PROBLEM TO SOLVE: Only the lines below between the one holding "The Powerbeats Pro" and the one holding "KEVIN MURPHY EVERLASTING COLOUR WASH 250ml", inclusive, are to be reproduced word for word; the pictures are to be left out.

-------- DATASET CONTENT --------

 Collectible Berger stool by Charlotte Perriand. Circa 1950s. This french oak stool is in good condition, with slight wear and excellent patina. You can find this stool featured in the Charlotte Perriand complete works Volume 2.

--------
-------- DATASET CONTENT --------

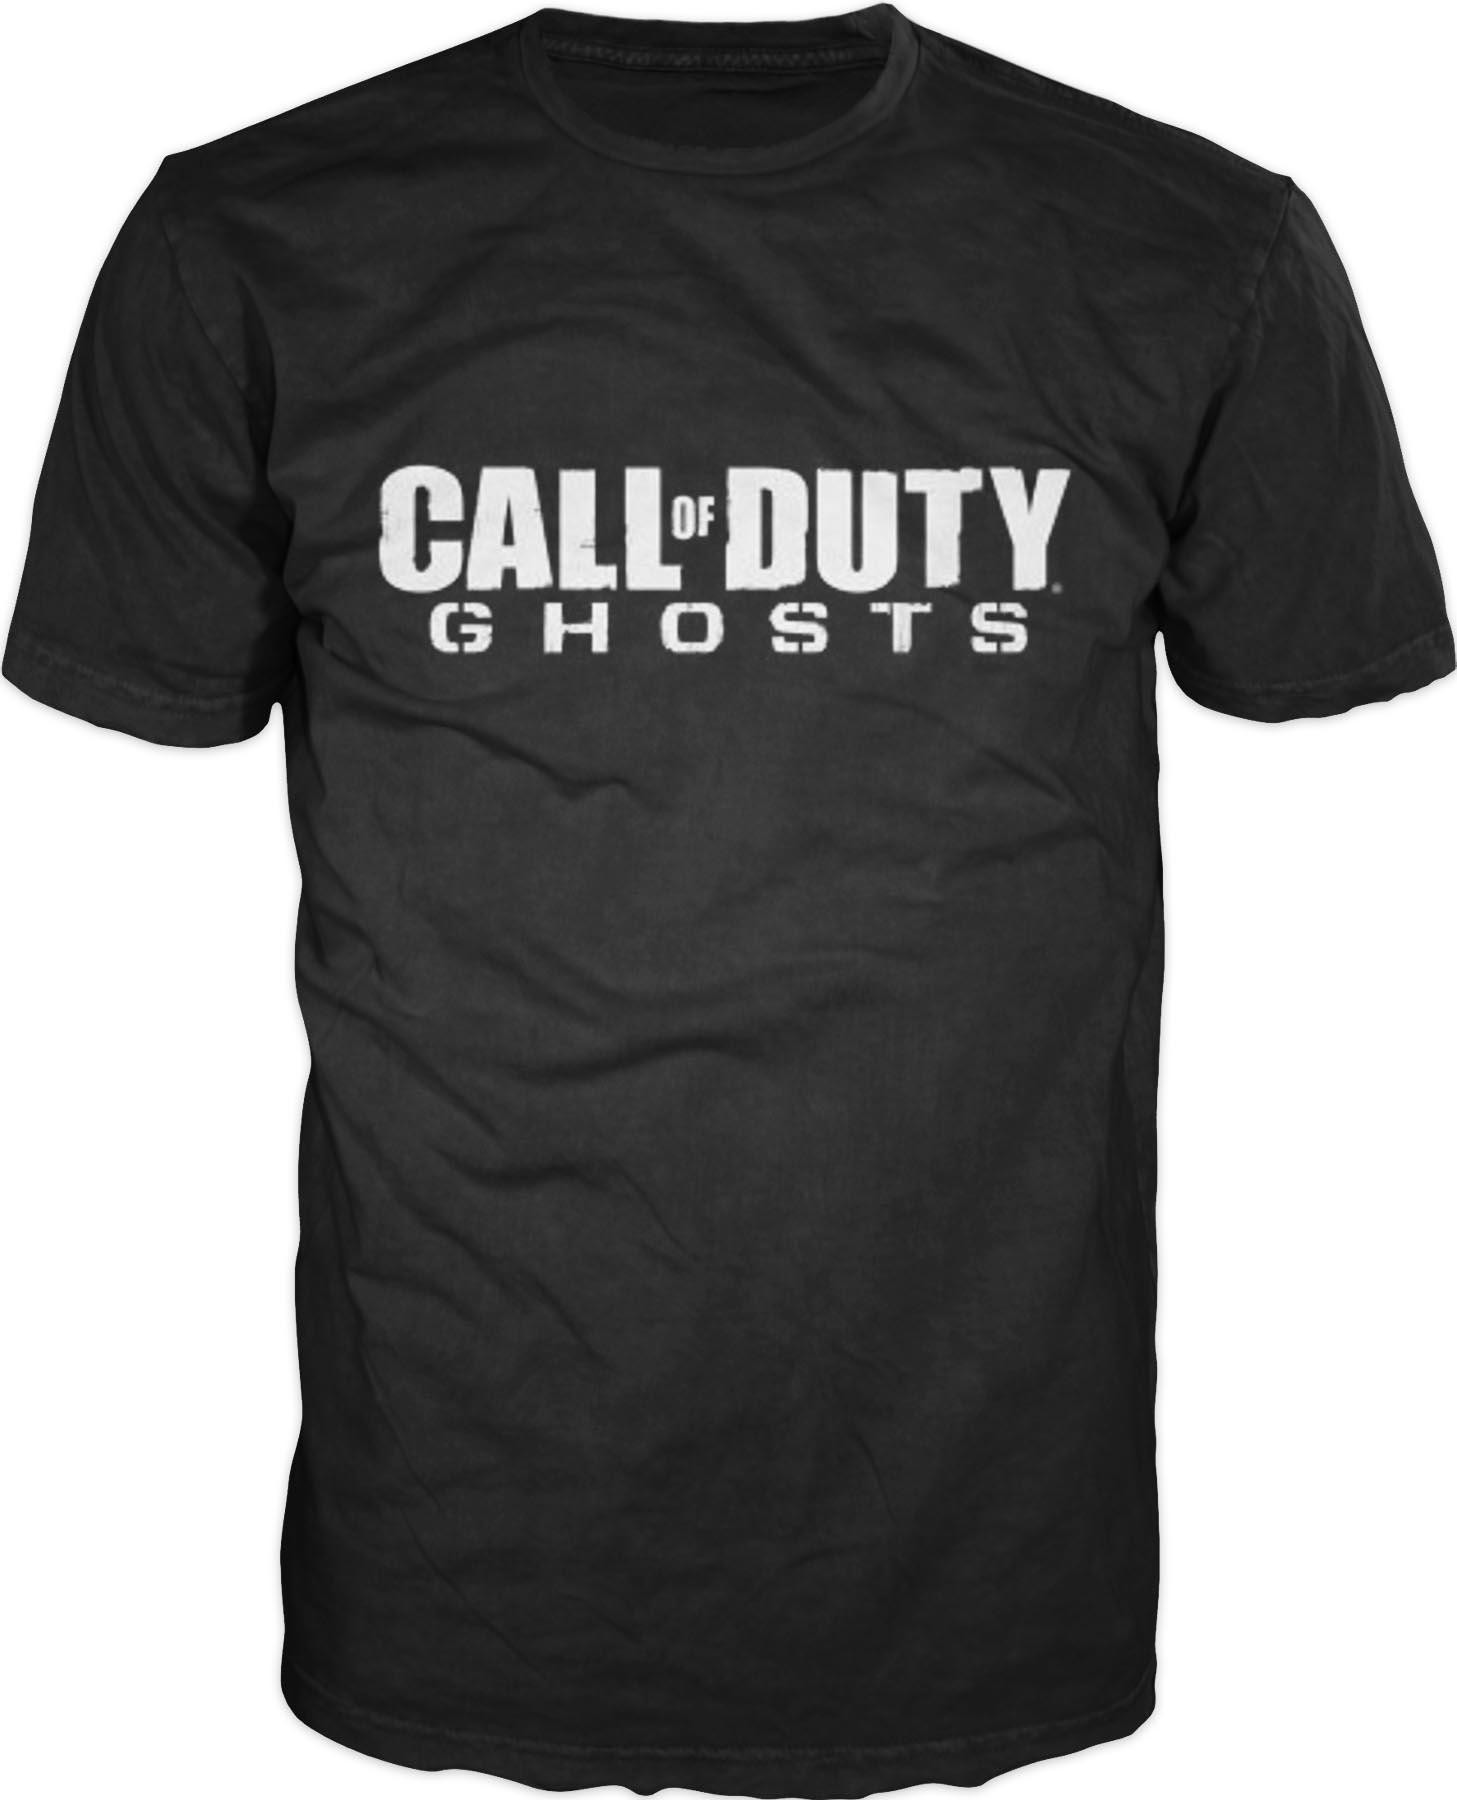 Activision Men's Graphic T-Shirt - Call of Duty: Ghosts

--------
-------- DATASET CONTENT --------

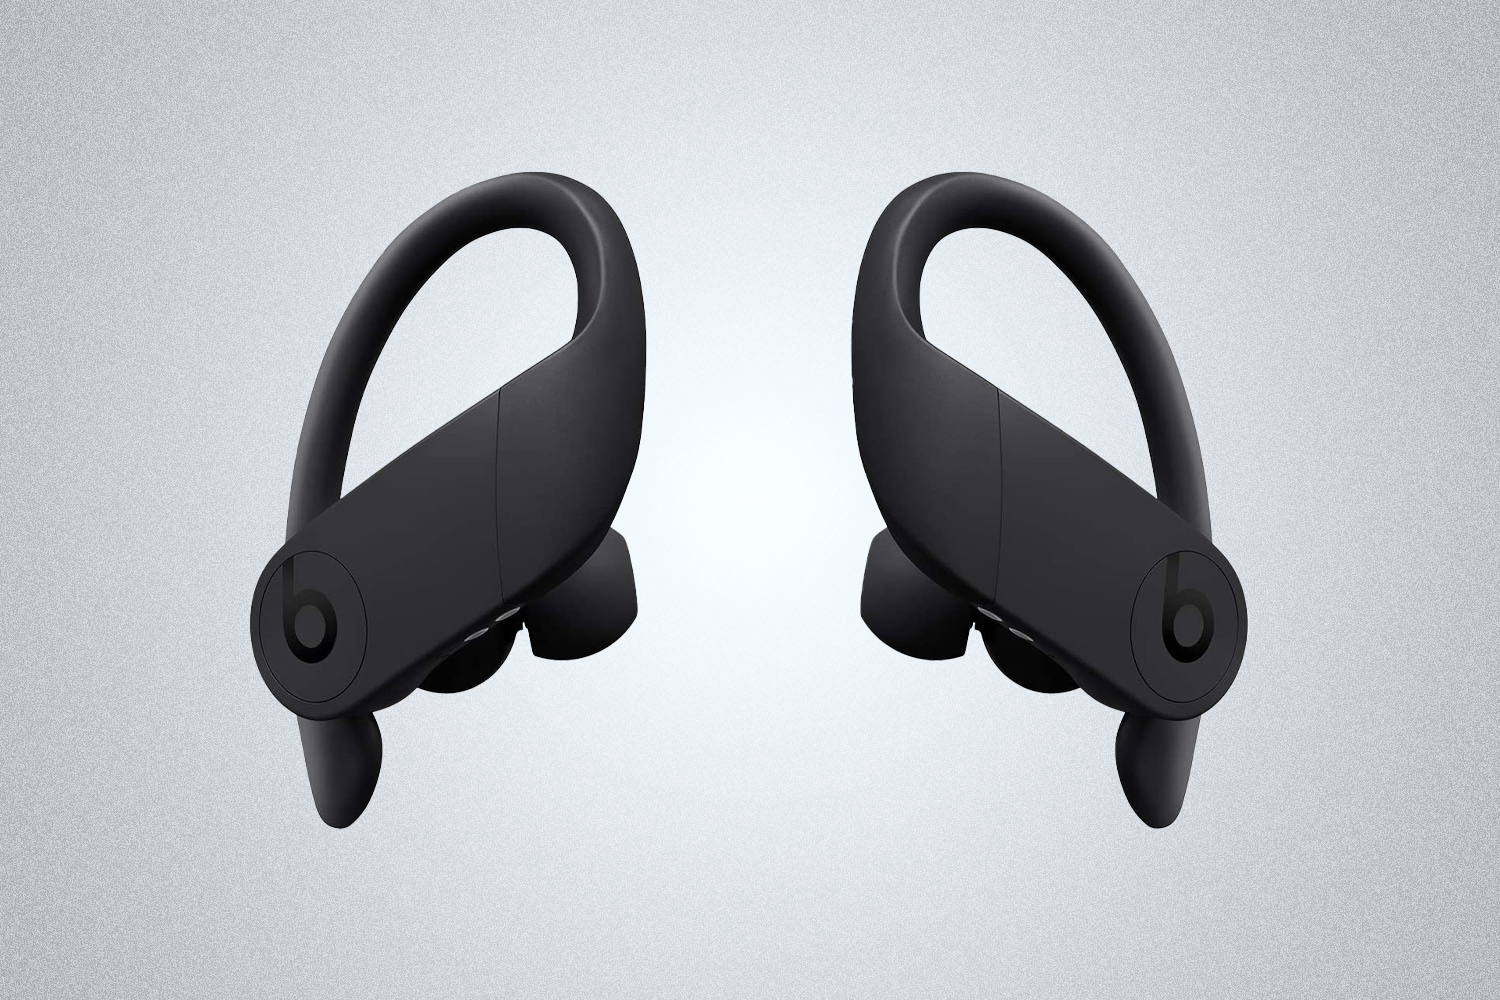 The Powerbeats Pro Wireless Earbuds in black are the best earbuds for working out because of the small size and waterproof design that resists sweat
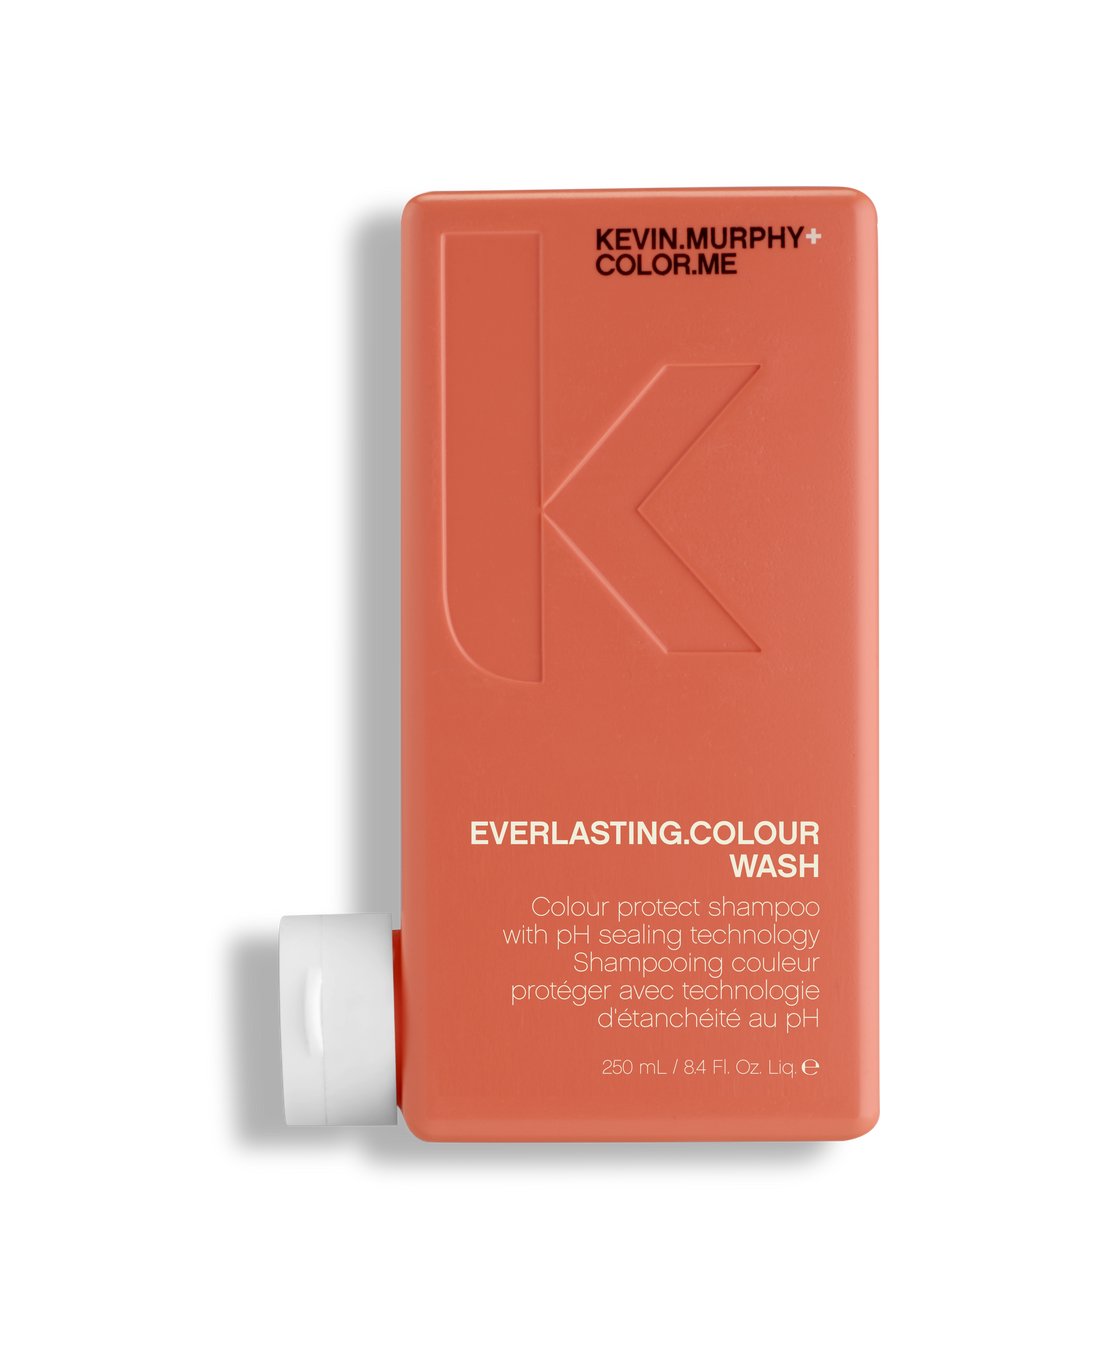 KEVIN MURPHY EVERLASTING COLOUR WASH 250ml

--------

YOUR SOLUTION:
 The Powerbeats Pro Wireless Earbuds in black are the best earbuds for working out because of the small size and waterproof design that resists sweat
 KEVIN MURPHY EVERLASTING COLOUR WASH 250ml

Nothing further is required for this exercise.